* **TASK BRIEF**
Will you write out the data exactly, excluding every picture?

* **DATASET SECTION**
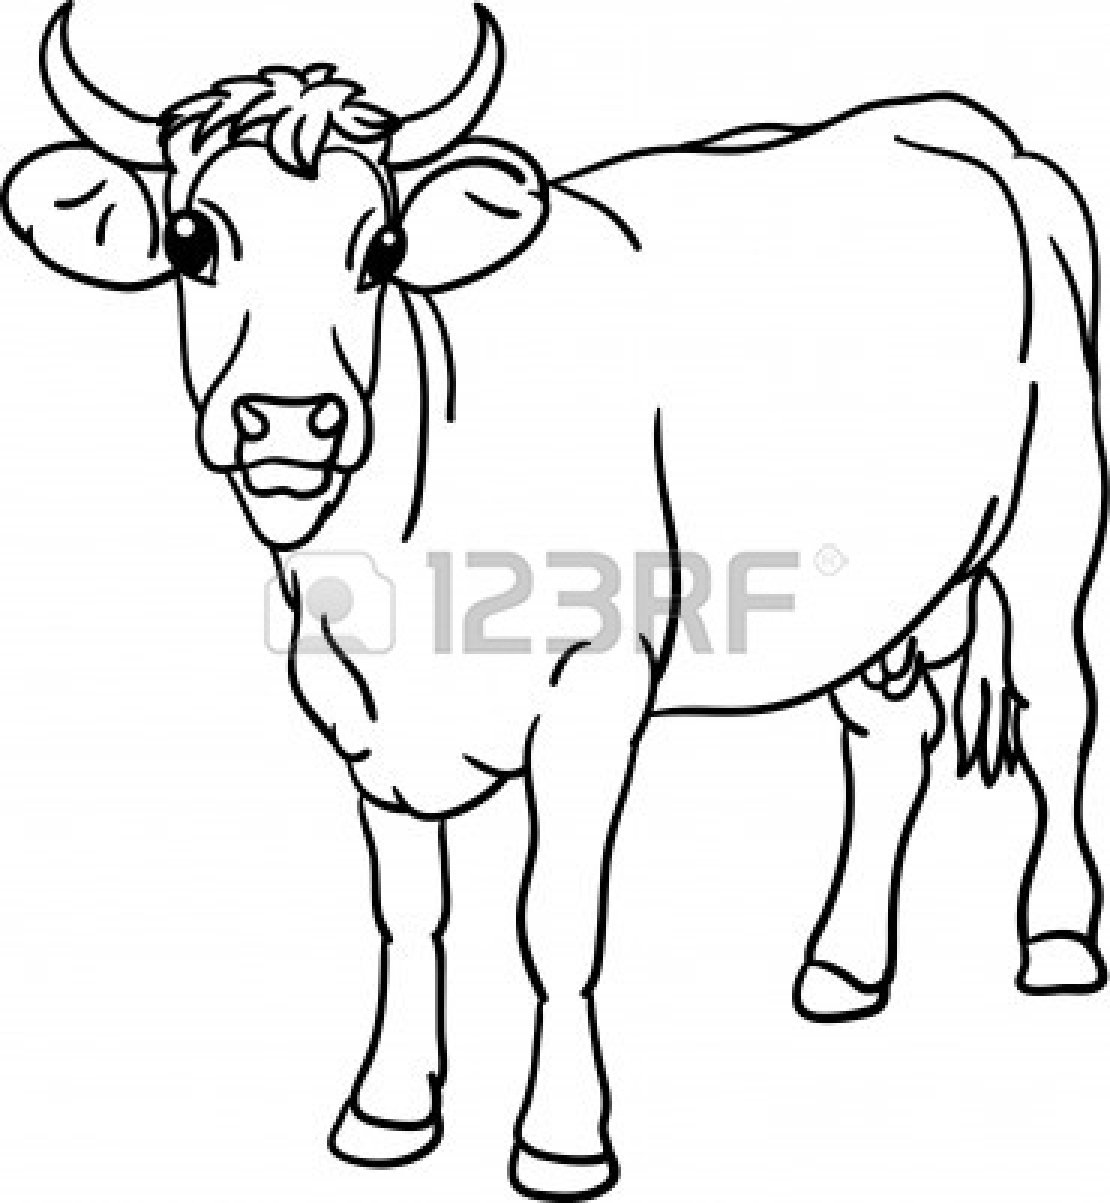 1110x1203 Similiar Cow Head Outline Drawing Keywords Silhouette Clip Art
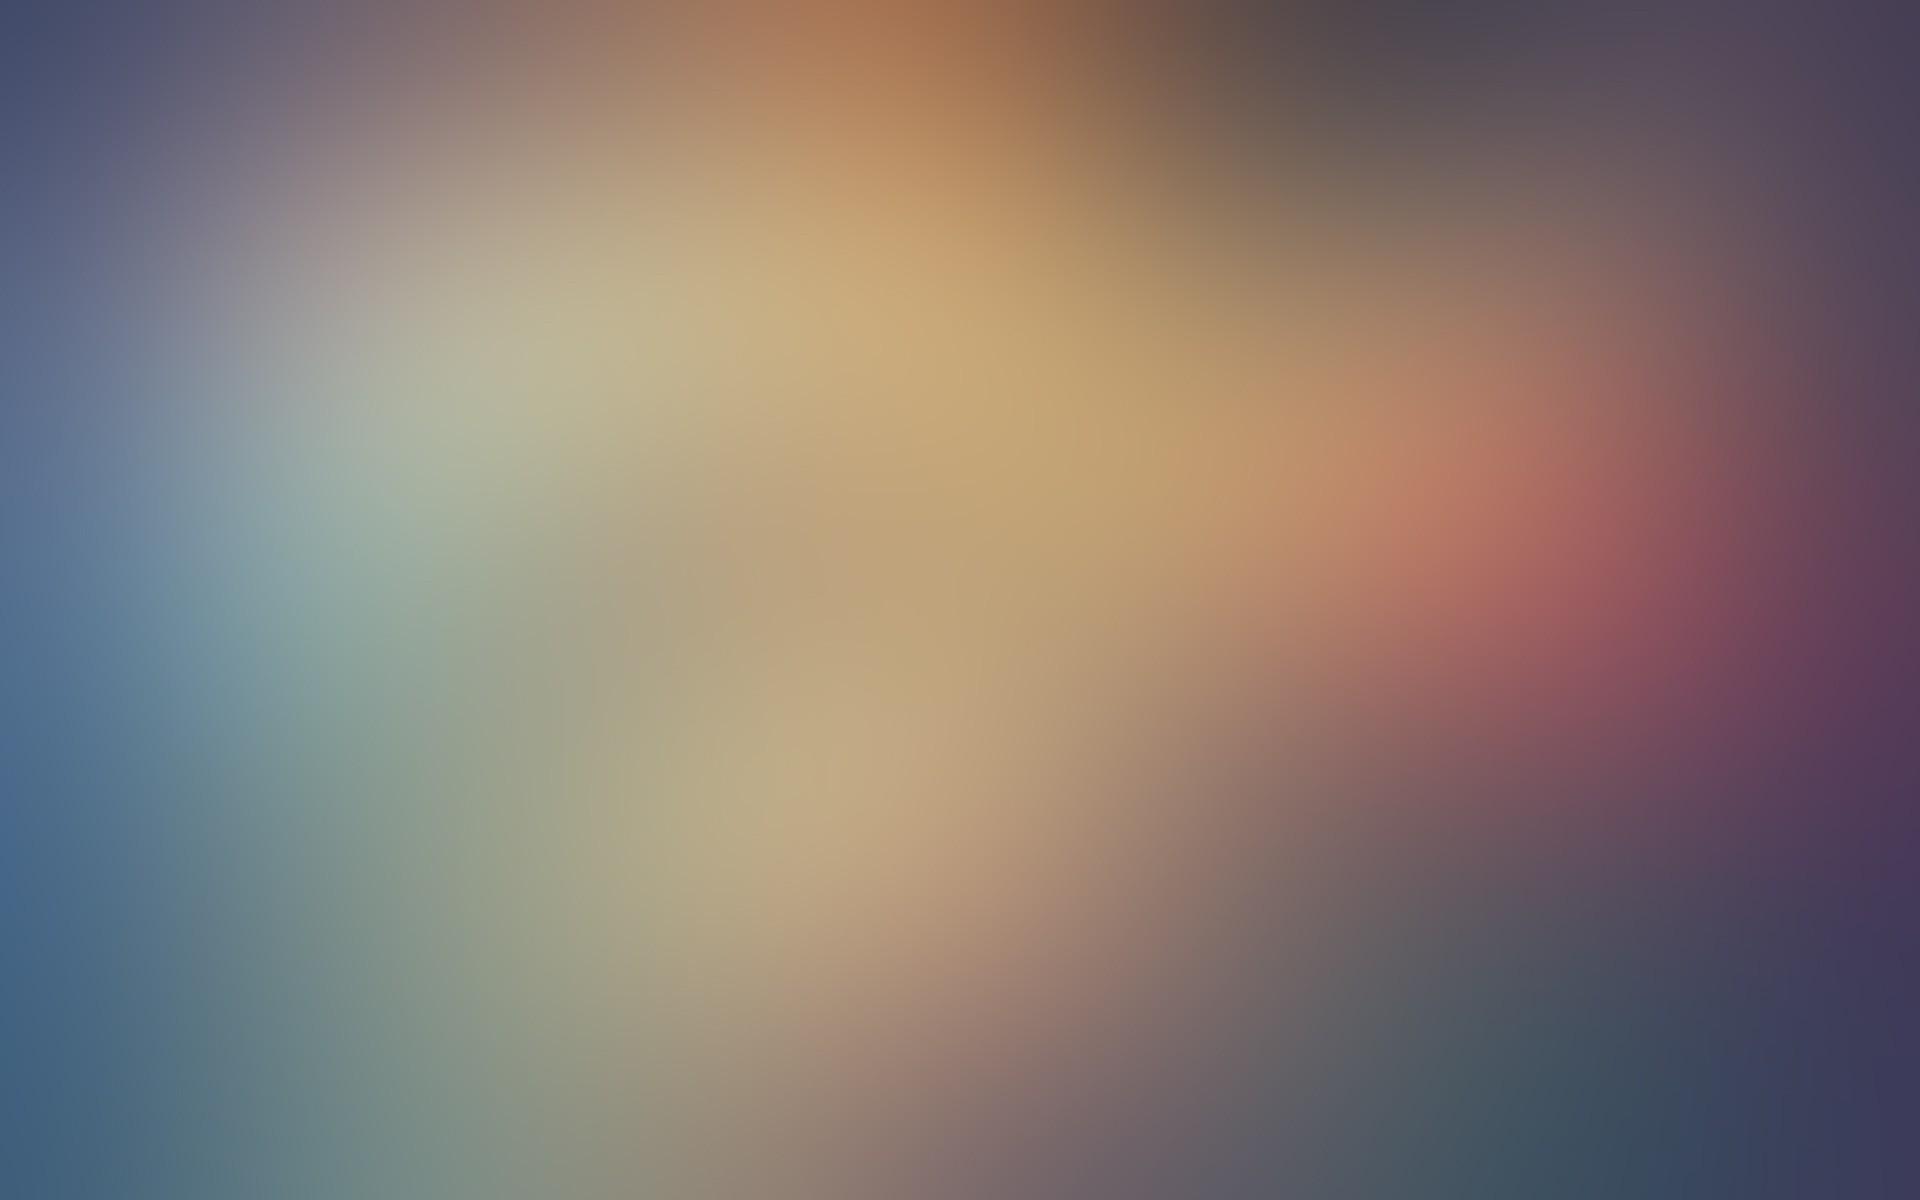 Stunning Blur Image
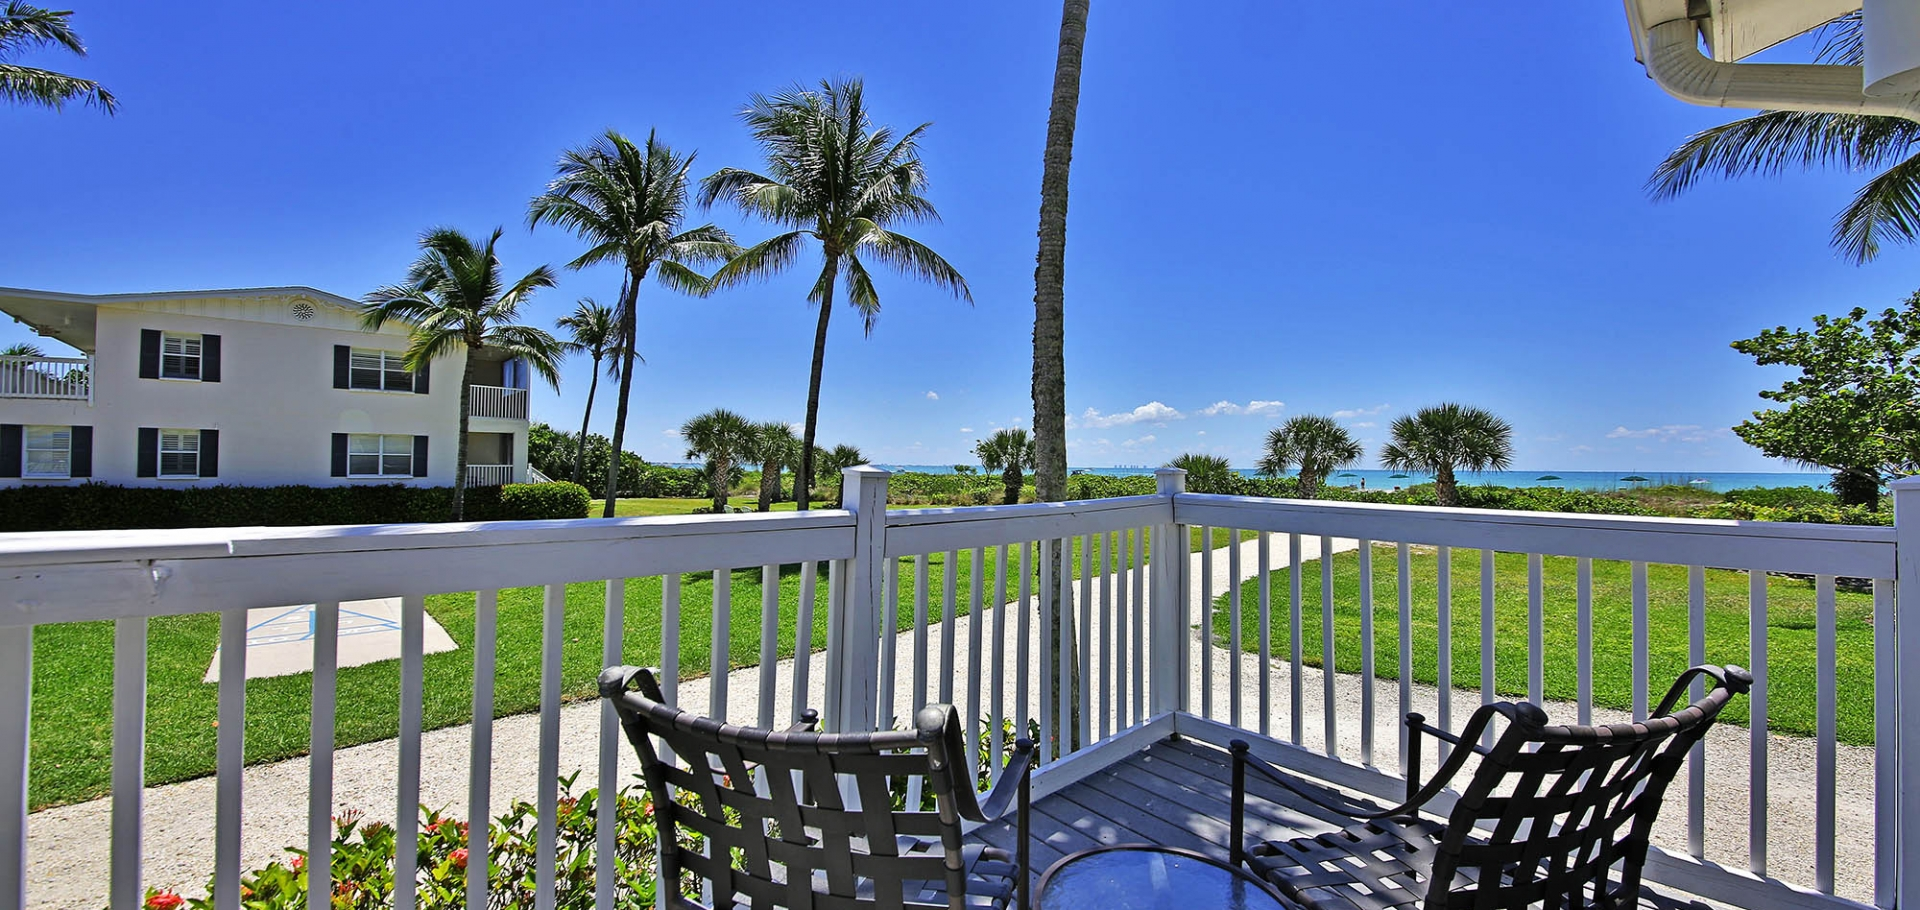 Seaside Inn patio views

* **RESULT OF THIS EXERCISE**
 1110x1203 Similiar Cow Head Outline Drawing Keywords Silhouette Clip Art
 Stunning Blur Image
 Seaside Inn patio views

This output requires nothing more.